その子供もまた、勉強で責め立てられるので、同じことの繰り返しです。DV親の子世代でまたDV起こすようなもの、正に心理的DV。

大人になってから外野の文化人が「受験勉強ばかりしてる人間は無教養だ」と論評したところで、人生やり直せるわけでもなし、如何に正論でも当の高学歴IQにとっては、親や先生に代わる新たな虐待者でしかありません。

僕が高IQエリート同様、内田樹や岩波文化人的な人物を今一信用していないのは、そういうところです。
Posted by 岩見浩造 at 2020年05月18日 10:32
くまひろ  さん、ありがとうございます。

プライマリー→プライマー と訂正させていただきました。PCRは、医学部基礎で何度も出てくる基本的な手技のはずなのに、勉強もせずに誤差1%を使って、平気で計算する無恥さに本気で腹を立てています。

今後ともよろしくお願いします。
Posted by いんちょう at 2020年05月18日 12:59
雑感です。

@ なるほど、プライマー(下地)!→合成の開始部分さえあれば、後はニョキニョキ同じDNA(RNA)鎖が出来てしまうのは不思議ですね。
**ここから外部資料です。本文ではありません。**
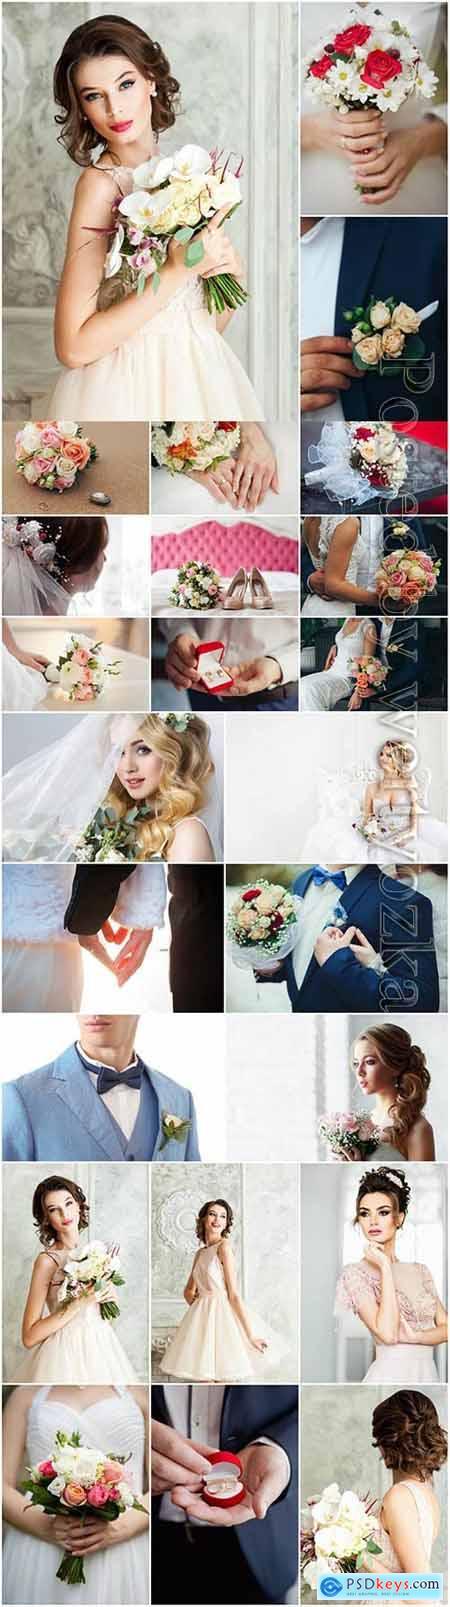 Wedding photo, bride and groom stock photo

A ブログ中の図だと30倍増幅の例が示してありますが、東京都の退院判定の行政検査だと、これを40回も増幅する手順になっているので、1回の検査にも時間がかかるばかりか、再陽性が続出(ウイルスの死骸?も検出)して中々退院できないという話を聞きました。連続で18回検査した人もいたとか…。ただでさえ、検査のキャパを絞っているのに!

B 先生の12:59コメントの、お怒りポイントについてですが、

<先生のご主張(私も賛同)>
 陽性的中率(PPV)がこんなに少ないなら、世界各国がPCRを採用するはずがない! それはそもそも、特異度(99%)や確度(70%)の常識が間違っているからだ。
<対して、PCR反対派の主張>
 陽性的中率がこんなに少ないんだから、日本のように市中感染率が低い現況においては、PCRを増やすべきではない!

 つまり、普通?の知識人は「結果がおかしければ仮定のほうを疑う」のに対して、エセ知識人は「与えられた仮定を疑わない、PDCAを回さない」という違いがあると思います。先生ご指摘の「高学歴オウム症候群の人」にとっては、「与えられた仮定を疑うことは受験の問題文を疑うことと同じ」なので、心理的抵抗があるものと考えます。

C LINE調査の件、昨日のツイキャスで補足する時間がなかったのですが、岩手県だけでなく、東京都もかなり赤いように見えます。厚労省の陰謀?で不鮮明な図が掲載されているため、ハッキリしませんが。しかし、岩手、東京、北海道が発熱割合ワースト3であることは間違いありません。